American politician (born c.1959)

Marsha Looper (born c. 1959) is a former Colorado legislator. Elected to the Colorado House of Representatives as a Republican in 2006, Looper represented House District 19, which encompasses eastern El Paso County, Colorado from 2006 to 2012.

==Early career==
Born to a family of Eastern European descent, Looper was raised on Colorado's Western Slope. She graduated from Fruita Monument High School in Mesa County in western Colorado and took coursework at Mesa State College. A systems engineer, Looper certified as an IBM Network Engineer and a Novell Systems Engineer, and worked for ROLM, IBM and the Widefield School District before starting a company of her own, Computing Solutions Group, in 1993.
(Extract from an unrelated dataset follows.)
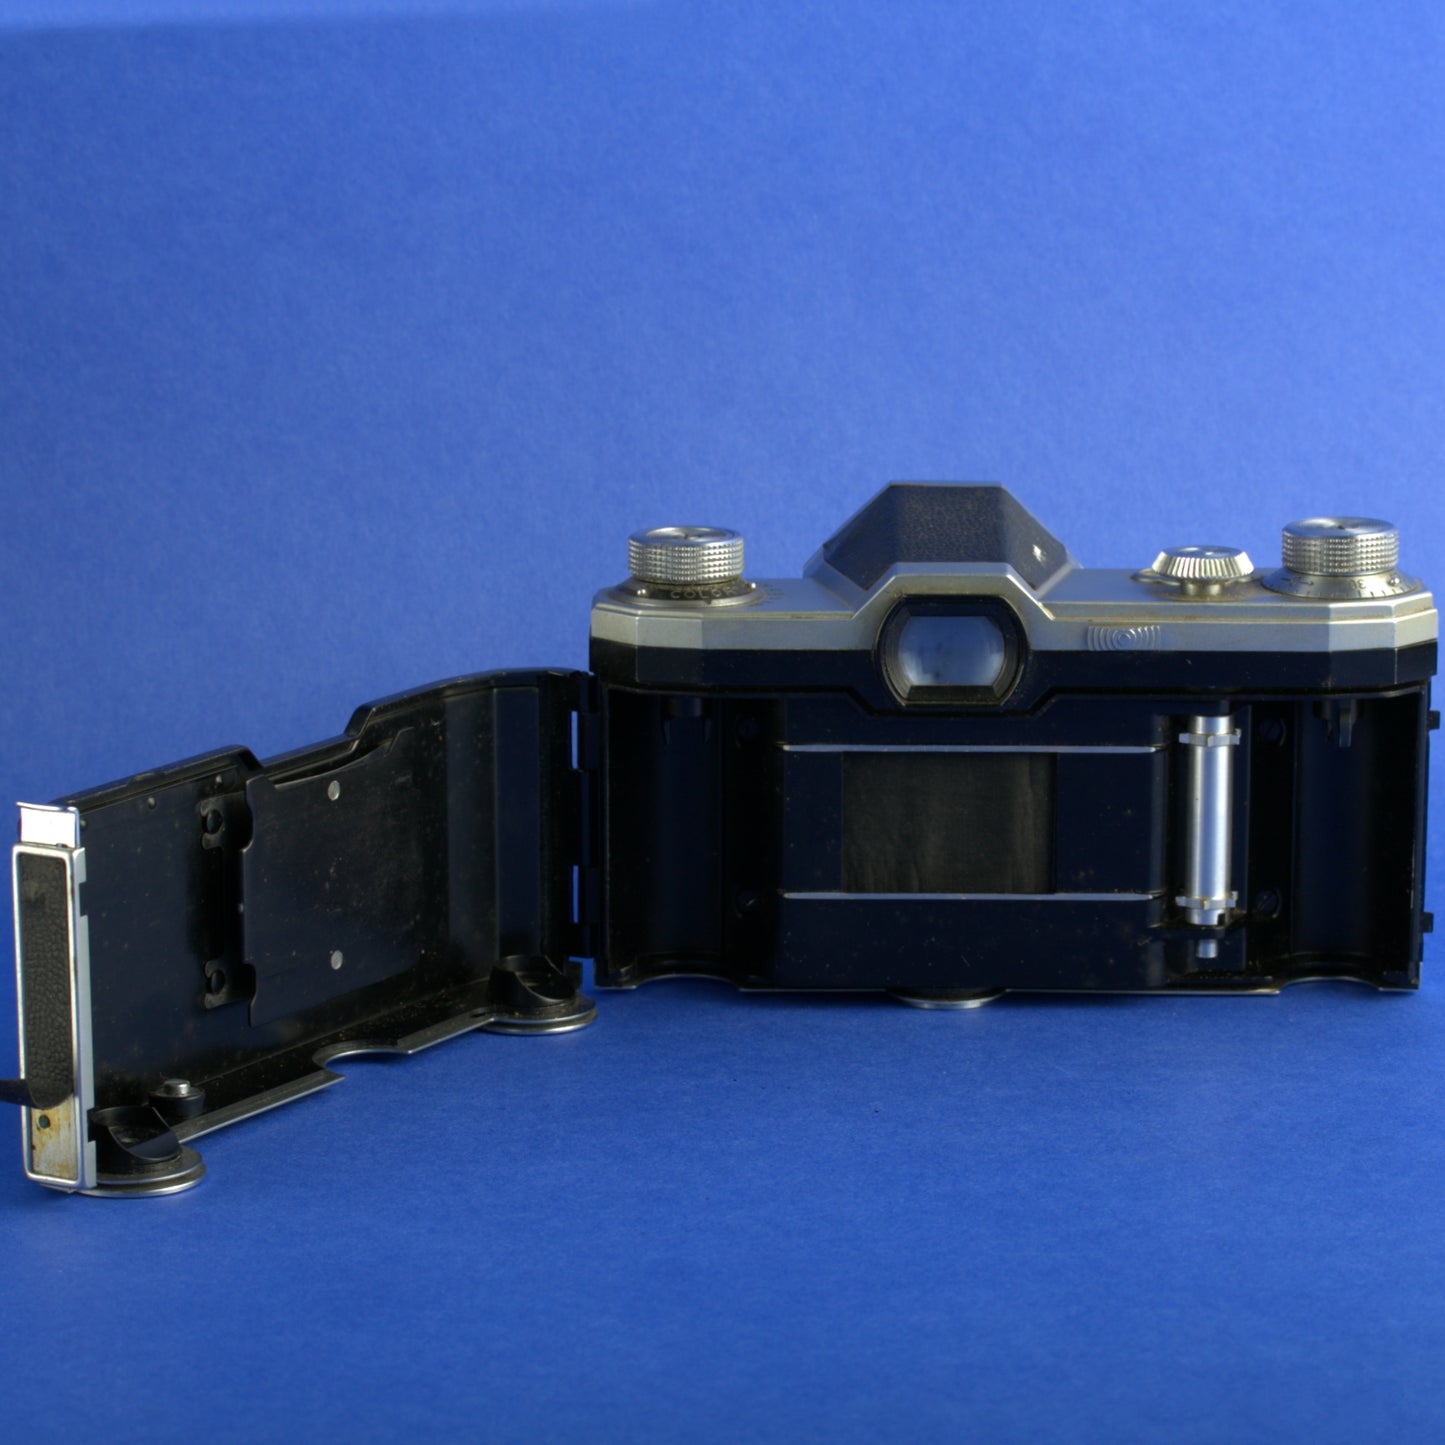 Contax S Film Camera with Biotar Lens Not Working

Looper entered the real estate business in 2004 and has earned Associate Broker and Registered Appraiser credentials. Since 2004, she has been a partner in Big Sky Realty, in addition to operating Phoenix & Associates, a home remodeling company. She is now working at Keller Williams Partners, specializing in Military Relocations, Recreational and Country properties.

Looper and her husband, Lynn, have operated their family's ranch in near Calhan, Colorado for two decades, as well as Waterworks Sales, a water pipe distribution company. After Waterworks' was purchased by Hughes Supply, Inc., Looper remained with the company as a branch manager. She and Lynn have three children.

Within the community, Looper has been a member of the Pikes Peak Firearms Coalition, the National Rifle Association, the El Paso County Republican Women, the Falcon School District Accountability Committee, the Pikes Peak Range Riders, and the El Paso County Soil and Water Conservation Society, and volunteered with St. Michael's Church, the Special Olympics, and local 4-H and YMCA clubs.

===Property-rights activism===
Looper was a driving force behind opposition to a proposed toll road project along the Colorado Front Range — the Prairie Falcon Parkway Express, or "Super Slab" project — a 210 mi highway and rail corridor stretching from Pueblo to Fort Collins. The project would have resulted in the condemnation or taking by eminent domain of privately held properties in seven Colorado counties; Looper's land fell within the corridor designated by the toll road's developers, and subsequently dropped in market value.

As the founder, in 2004, and chair of the Eastern Plains Citizens Coalition and executive director of Colorado Citizens for Property Rights, Looper led grassroots opposition to the toll road and supported several measures during the 2006 legislative session to tighten the rules regarding eminent domain under which toll roads could be constructed.
Among the successful measures lobbied for by Looper and others were rules narrowing the proposed corridor for toll roads from 12 to 3 mi, and new reporting requirements that property owners be informed that their land lay within that corridor.

Looper also led an effort to place a statewide referendum on the 2006 general election ballot to prohibit governments from condemning private property for the purpose of economic development. The citizen initiative gathered over 30,000 signatures, but fell more than 30,000 signatures short of the total required for placement on the statewide ballot.

==Legislative career==

===2006 election===
In February 2006, upon the retirement of term-limited Rep. Richard Decker in House District 19, covering eastern El Paso County, Colorado, Looper announced her candidacy for the seat. After experience pushing for legislation Colorado General Assembly to restrict to use of eminent domain, she cited her frustration at the influence of lobbyists, and Looper identified her top legislative concerns as property rights, transportation, and illegal immigration. She also identified water issues and renewable energy as areas of interest. Facing military veteran and school board member Jim Brewer, Looper won the Republican primary with 62% of the vote.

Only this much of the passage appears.